The graffiti on the broken walls amidst the ruins express the desperation and anger of those who were evicted from their homes in Kathmandu. ‘Peace and Prosperity’ was the slogan of the ruling RSP, and now it sounds like satire.
Another one scrawled in red is an expletive directed at Prime Minister Balendra Shah who ordered the demolitions.
It has been two weeks since the shantytown along the banks of the Bagmati in Kathmandu was razed after a 24-hour notice. Residents are still picking up what is left of their homes – both literally and figuratively.
Everything that can be salvaged is being taken out: bricks, iron rods, corrugated sheets, pieces of timber. Abandoned pets roam the ruins, rummaging for food.


The YouTubers and Content Creators have long gone – moved on to other developing news stories outside Parliament. Even the pedestrians and motorcyclists on the Bagmati Corridor pass by, not even glancing at the flattened buildings. There is no police presence.
“I have no place to go. The government has not followed up since,” says Bishnu Shrestha, as he sorts out bricks to sell later for food. “The government couldn’t differentiate between the rich and poor.”
His family members pull him aside, worried someone may steal their bricks. Nearby, another family is digging through the rubble that was their home for lost belongings.


The government has temporarily resettled some of the registered families in Kirtipur and Banepa until they are verified as landless and then given options. Those in the shelters are getting Rs15,000 a month until they have a place.
But that is only a fraction of the estimated 10,000 people who were displaced. While some of them did have property elsewhere in Nepal and were settled along Kathmandu’s rivers by political parties to bolster their vote banks, many families have lived here for decades, raising children and paying municipal taxes.

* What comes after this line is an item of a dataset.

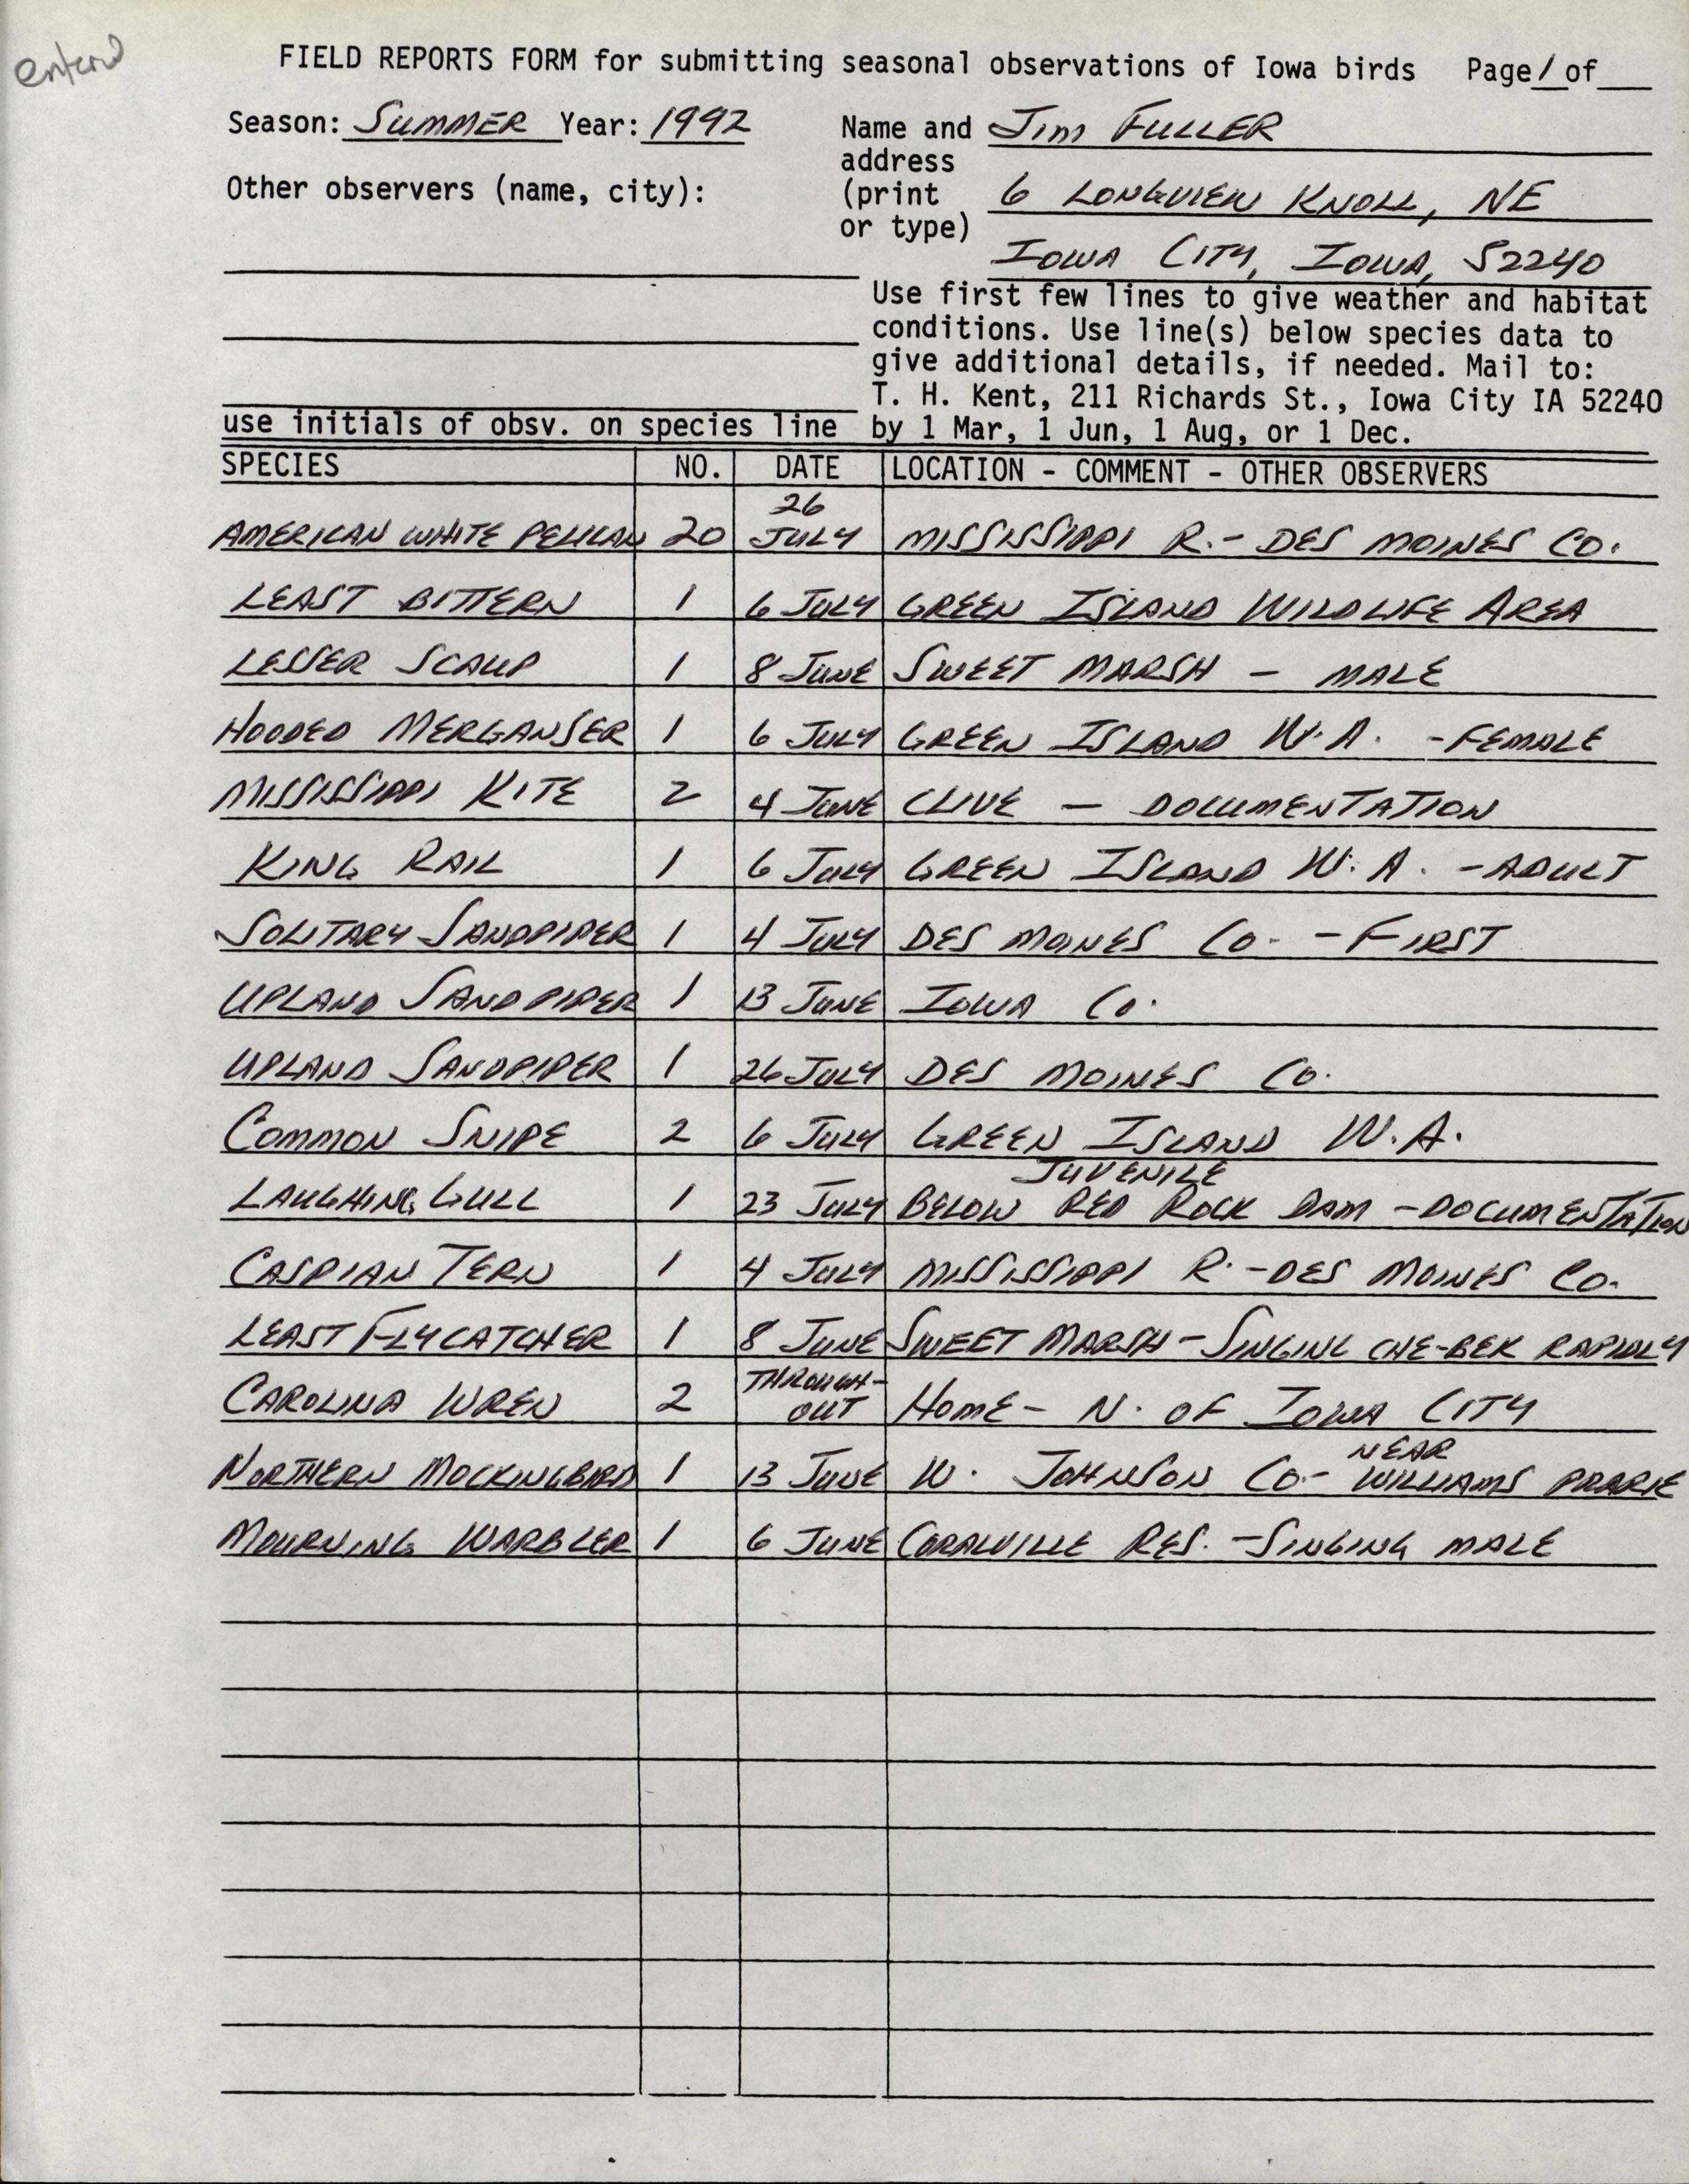 Field reports form for submitting seasonal observations of Iowa birds, James L. Fuller, summer 1992

Another resident, Suresh, is squatting on the steps of a nearby shrine (pictured) and says he has nowhere to go after this waste dumping site was also demolished. “It was a black day for us,” he sighs. “Now someone else will benefit from all this.”
The skeletal remains of reinforced concrete pillars and slabs are all that remains in what looks like a bombed-out war zone. The government said it was sending heavy earth movers to clear the area to reclaim the river’s flood plain, but a diesel shortage means those plans have been shelved.
When asked about their neighbours who were settled in the areas allocated by the new government, those we interviewed claimed they were all well-connected families. There is no way to verify this, but their distress is real. Most are daily-wage earners and are resigned to their fate: they have no hope the government will ever resettle them and lack the connections and resources to fight the system.